Another example is the hardware manufacturing business. Before the modern days, the vendors planned their production based on consumer demand only. It was enough until the chip shortage period that we are facing in recent years. Here, "shortage" does not mean there are no chips at all, but there are chips at different prices that are higher than before. So, today to create a successful hardware production financial model, you have to map consumer demand to chip prices and include all the details of the manufacturing process. This is another NP-hard problem that humans just can't solve, but the machine can.
Problems like those I've mentioned above are best modeled using graph databases. AI can analyze the business data and process represented as a graph, use machine learning to find dependencies and shortcuts, and the best routes from the starting point of the business process to the goal, i.e., optimizing processes for the highest margins.
Shortly speaking, finding the shortest path in the graph of such a database will be the best possible solution that can then be translated into Excel model so that humans can double-check it and make amendments if needed.
This is actually an interesting topic that leads us to the notion of AI winter. In the early 1970s, there was a lot of buzz around AI. People were excited by the exact same topics we are covering today. They wanted AI to help them in decision-making and improving business efficiency. However, it turned out that it was impossible, given the level of tech progress at the time. This led to disappointment and reduced funding and interest in AI.
I like to compare the attempt to deliver a business-usable AI model in the 1970s as if people tried to build and land a rocket in the Stone Age. That is beyond impossible. To put that in perspective, today’s smartphone has more memory than all models of Symbolics AI machines produced, combined. Today we are ready to really implement that AI, and we are doing it right now.
I would say we’re still in the beginning of a new era.
There are three types of companies from the technical standpoint: new ventures that do not have established processes and technology stack, companies with some sort of processes and automatization in place, and more prominent companies that have established processes for new tech implementation.
New companies fight for efficiency, and their founders and management teams are often open-minded. The idea of having successful automated decision-making seems natural for them. Large companies can also understand the benefits, but their protocols slow down innovations, though they are still possible.
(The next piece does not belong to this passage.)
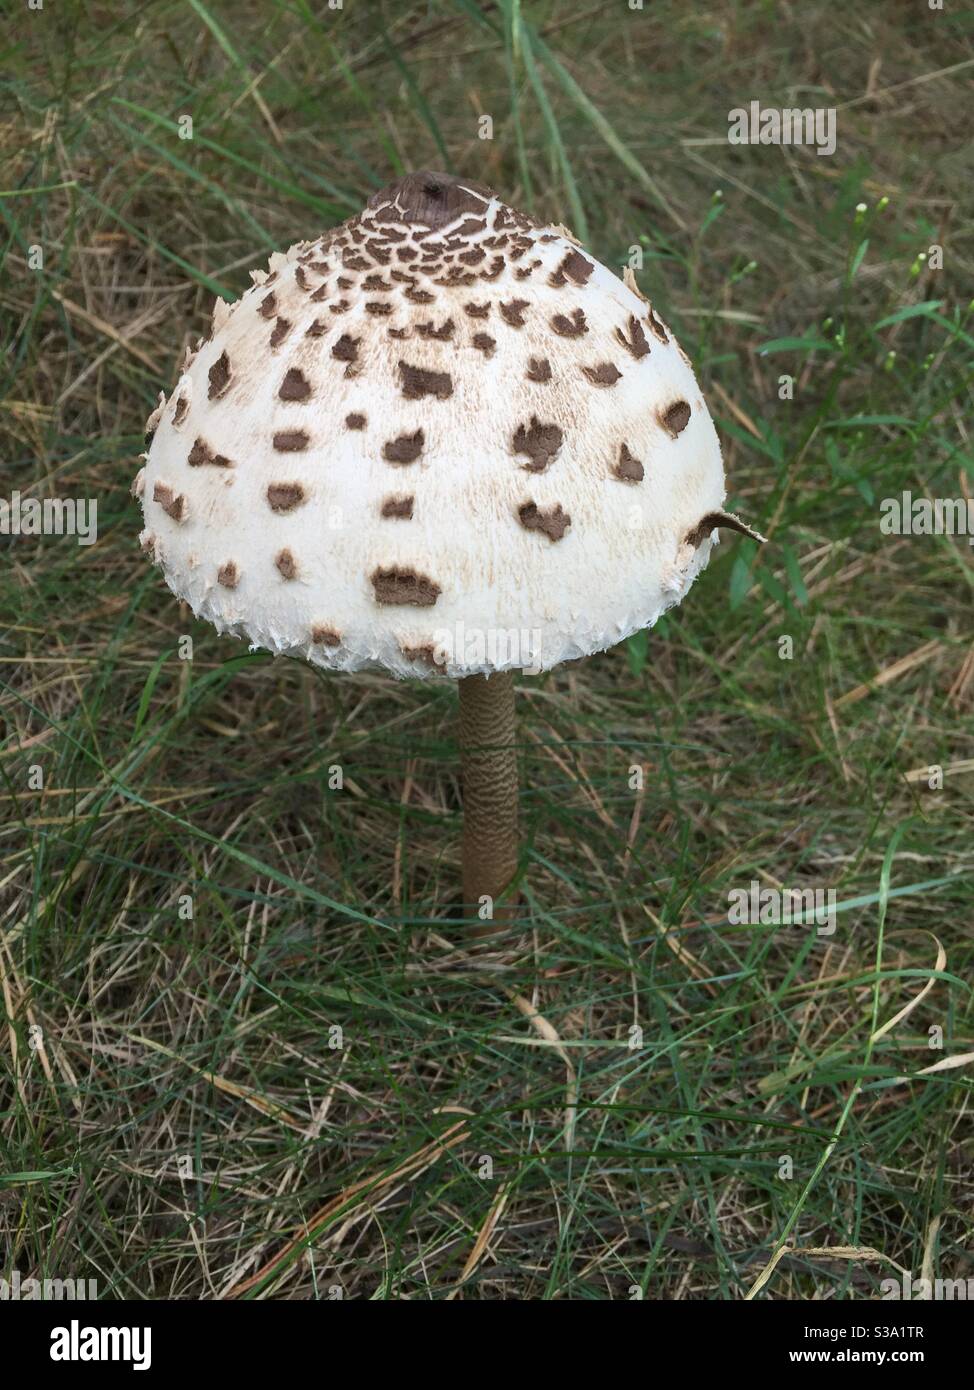 Mushroom, spotted, black, white. Large on grassy, sandy ground in September. Stock Photo

The biggest group consists of companies of the second type. They are not yet too big for innovations, but still unsure how to do them right. The main challenge for them is implementing the change management process as one of the important steps towards maturity.
So, we have some startups implementing AI right now, more prominent companies that are slowly moving towards it, and the majority will join in the upcoming years.
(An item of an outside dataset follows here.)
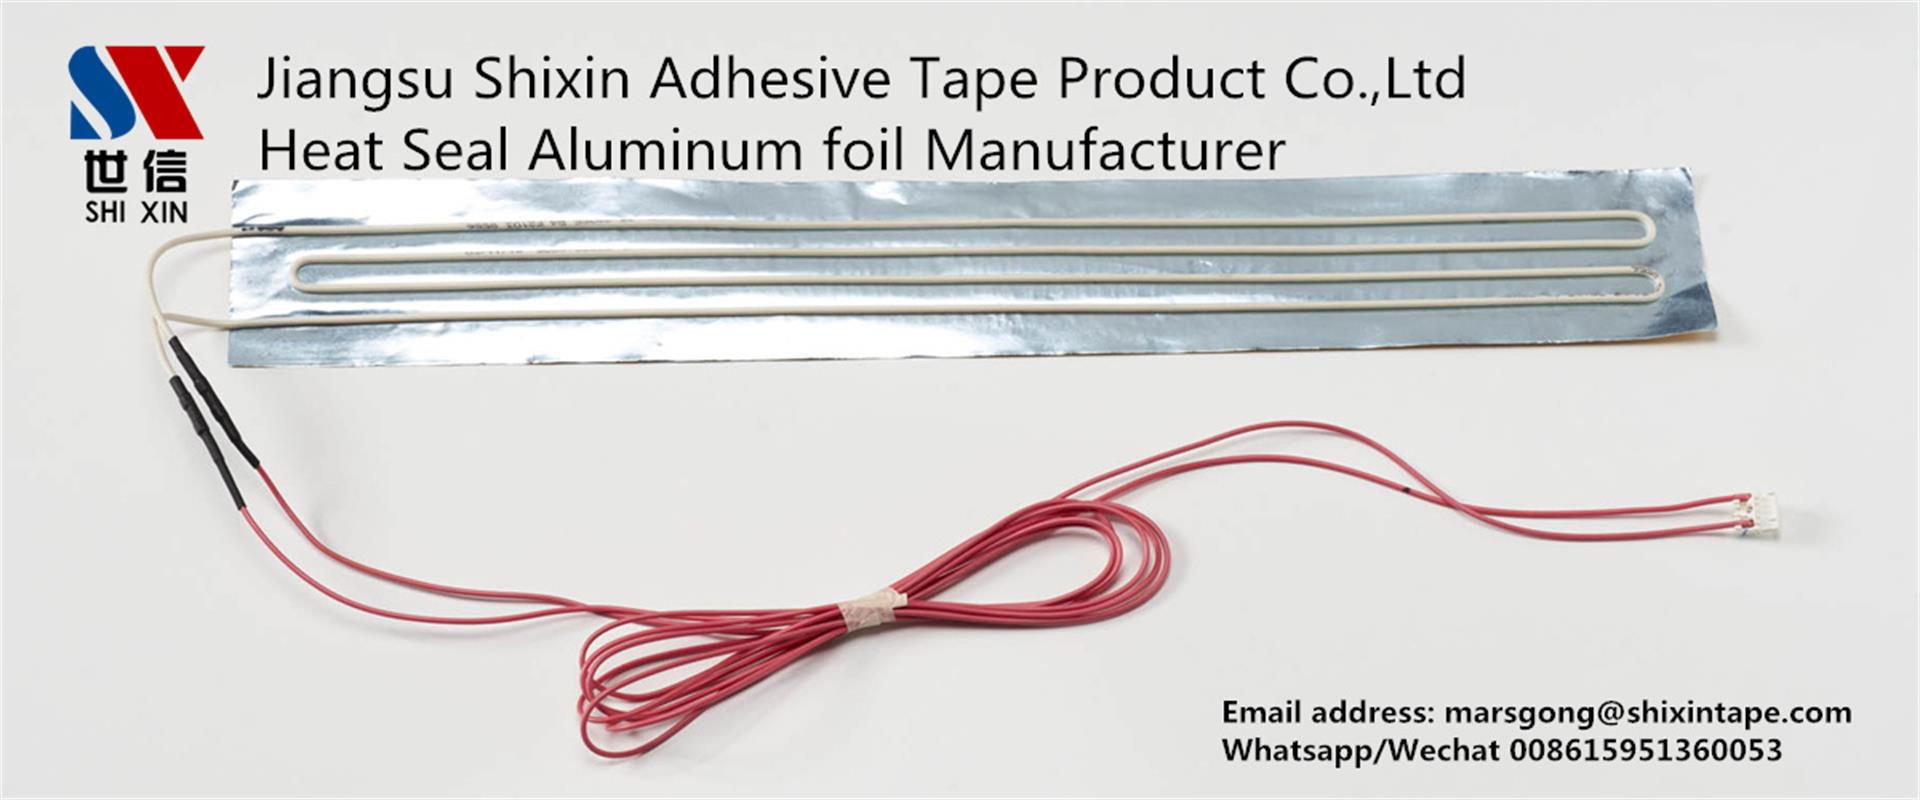 Heat seal aluminum foil tape

The first step to successful AI implementation is to write down all decisions people make within the business. This will uncover an enormous amount of uncontrolled, hidden decisions that directly affect the company's margins.
You need to understand that you control only a tiny fraction of your business and that new young open-minded companies are starting to build their processes using innovative AI. Once you do it, you'll be ready to join the AI bandwagon to stay competitive in the upcoming years.